Simply Statistics A statistics blog by Rafa Irizarry, Roger Peng, and Jeff Leek

How do you know if someone is great at data analysis?

Consider this exercise. Come up with a list of the top 5 people that you think are really good at data analysis.

There’s one catch: They have to be people that you’ve never met nor have had any sort of personal interaction with (e.g. email, chat, etc.). So basically people who have written papers/books you’ve read or have given talks you’ve seen or that you know through other publicly available information. Who comes to mind? It’s okay to include people who are no longer living.

The other day I was thinking about the people who I think are really good at data analysis and it occurred to me that they were all people I knew. So I started thinking about people that I don’t know (and there are many) but are equally good at data analysis. This turned out to be much harder than I thought. And I’m sure it’s not because they don’t exist, it’s just because I think good data analysis chops are hard to evaluate from afar using the standard methods by which we evaluate people.

I think there are a few reasons. First, people who are great at data analysis are likely not publishing papers or being productive in a manner that I, an outsider, would be able to observe. If they’re working at a pharmaceutical company working on a new drug or at some fancy new startup company, there’s no way I’m ever going to know about it unless I’m directly involved.

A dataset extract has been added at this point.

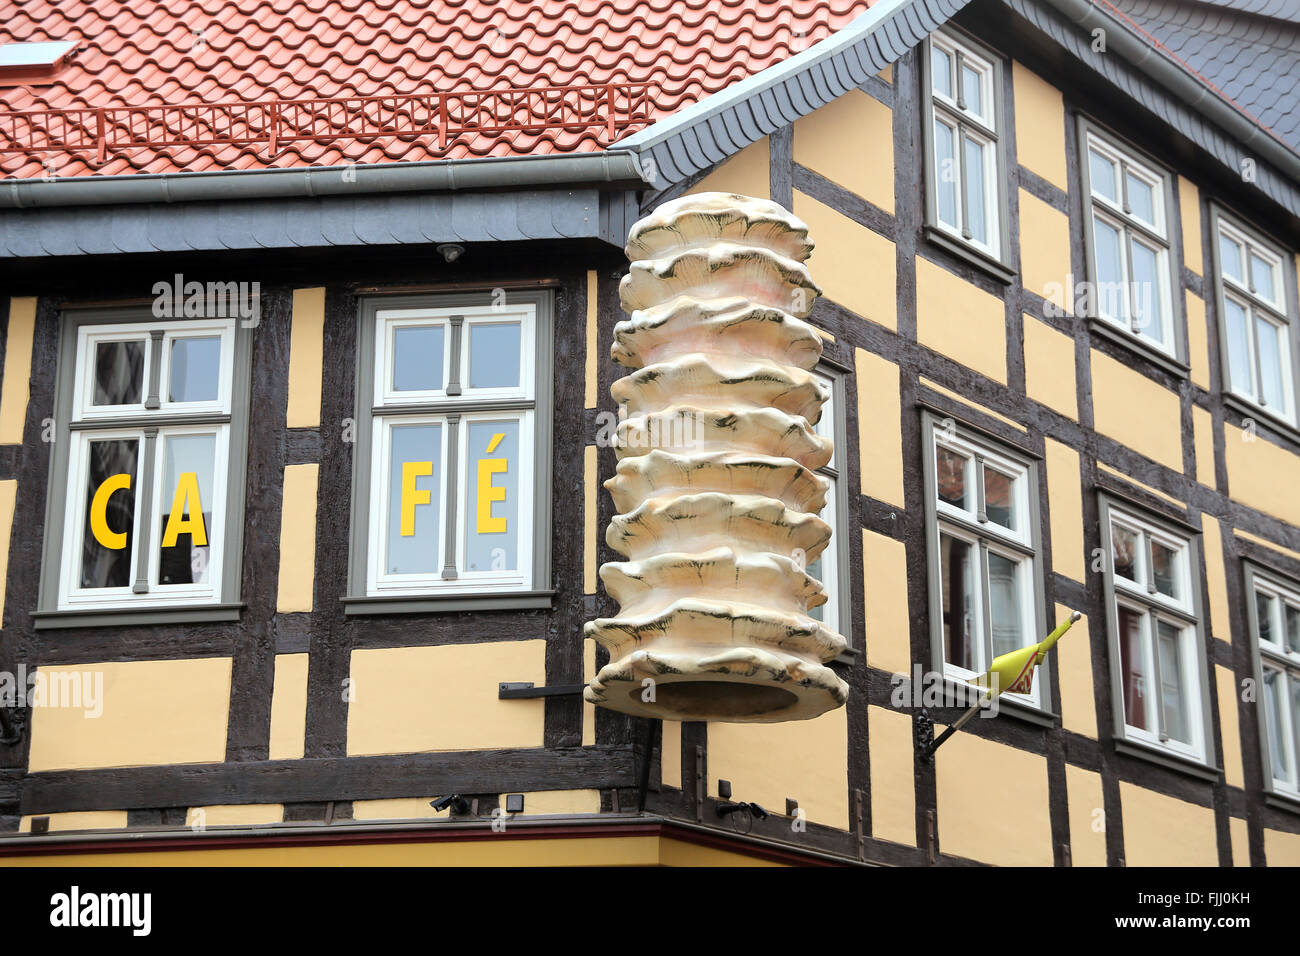 Giant model of a Baumkuchen (tree cake) at Cafe Kruse, manufactury of local specialtity Baumkuchen. Salzwedel, Altmark, Sachsen Anhalt, Germany, Europe Stock Photo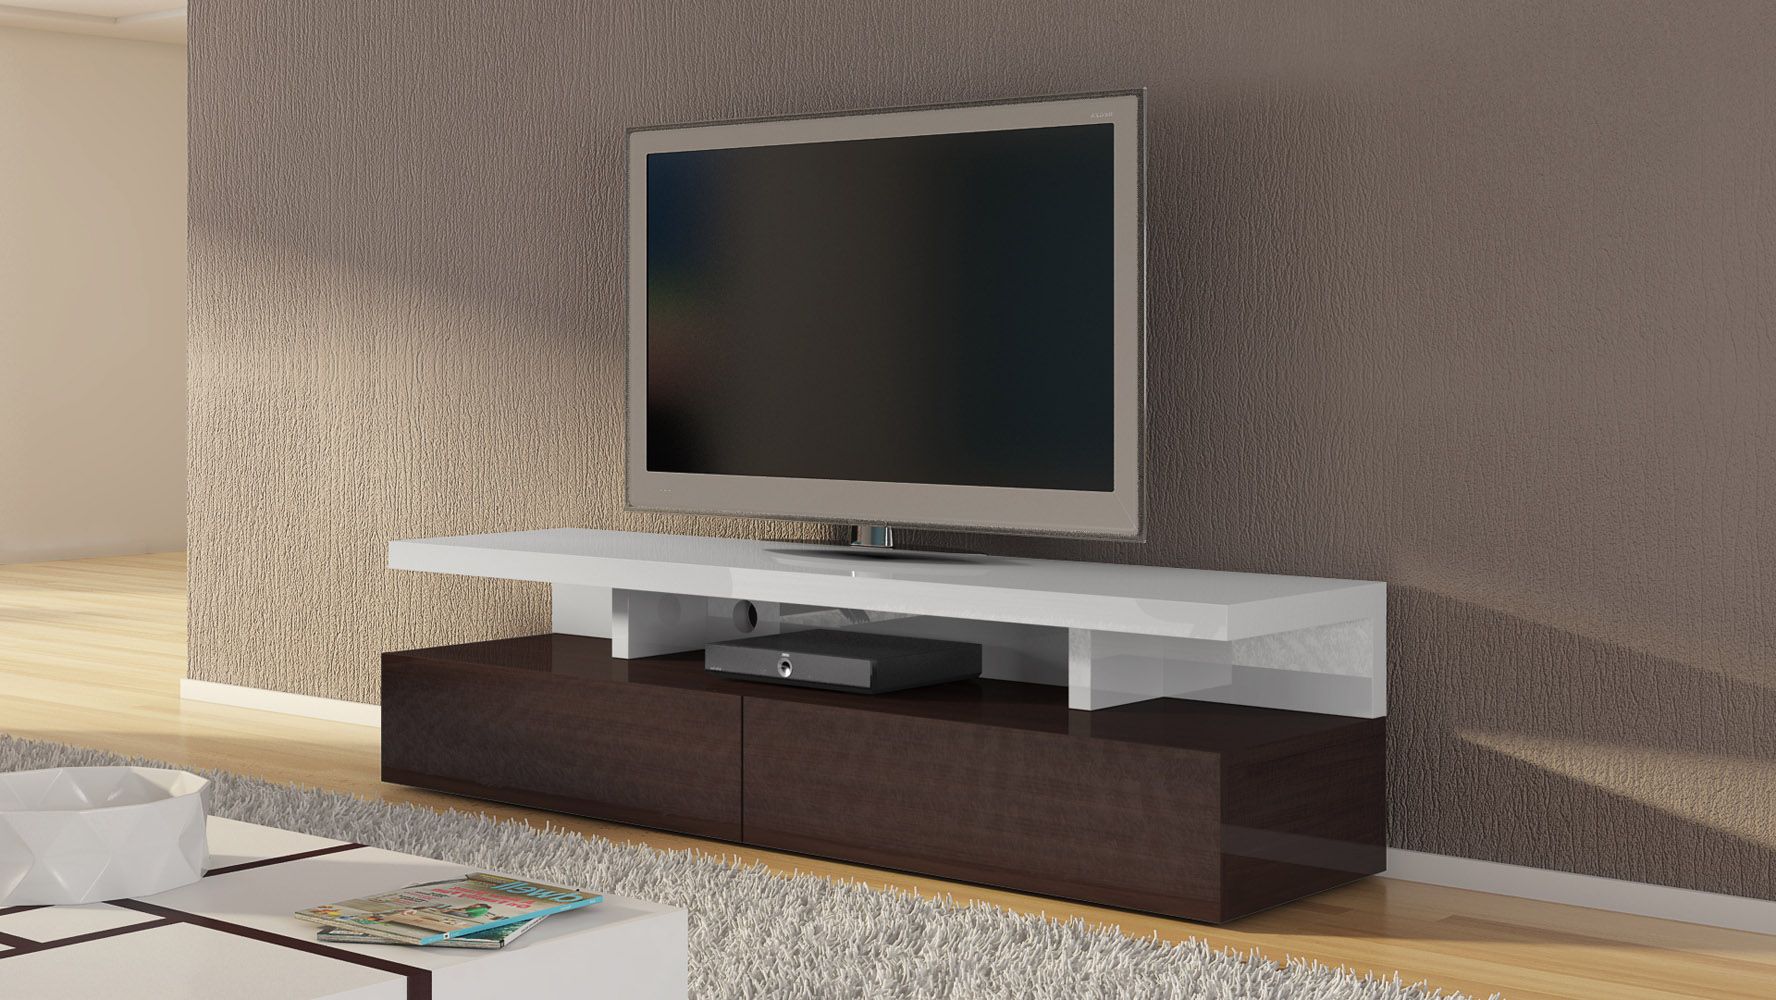 Mcintosh 71 Inch Tv Stand In White High Gloss And Ebony Pertaining To Tv Stands With 2 Open Shelves 2 Drawers High Gloss Tv Unis (Gallery 3 of 20)

Another reason is that even for people who are well-known scientists or statisticians, the products they produce don’t really highlight the difficulties overcome in data analysis. For example, many good papers in the statistics literature will describe a new method with brief reference to the data that inspired the method’s development. In those cases, the data analysis usually appears obvious, as most things do after they’ve been done. Furthermore, papers usually exclude all the painful details about merging, cleaning, and inspecting the data as well as all the other things you tried that didn’t work. Papers in the substantive literature have a similar problem, which is that they focus on a scientific problem of interest and the analysis of the data is secondary.

As skills in data analysis become more important, it seems odd to me that we don’t have a great way to evaluate a person’s ability to do it as we do in other areas.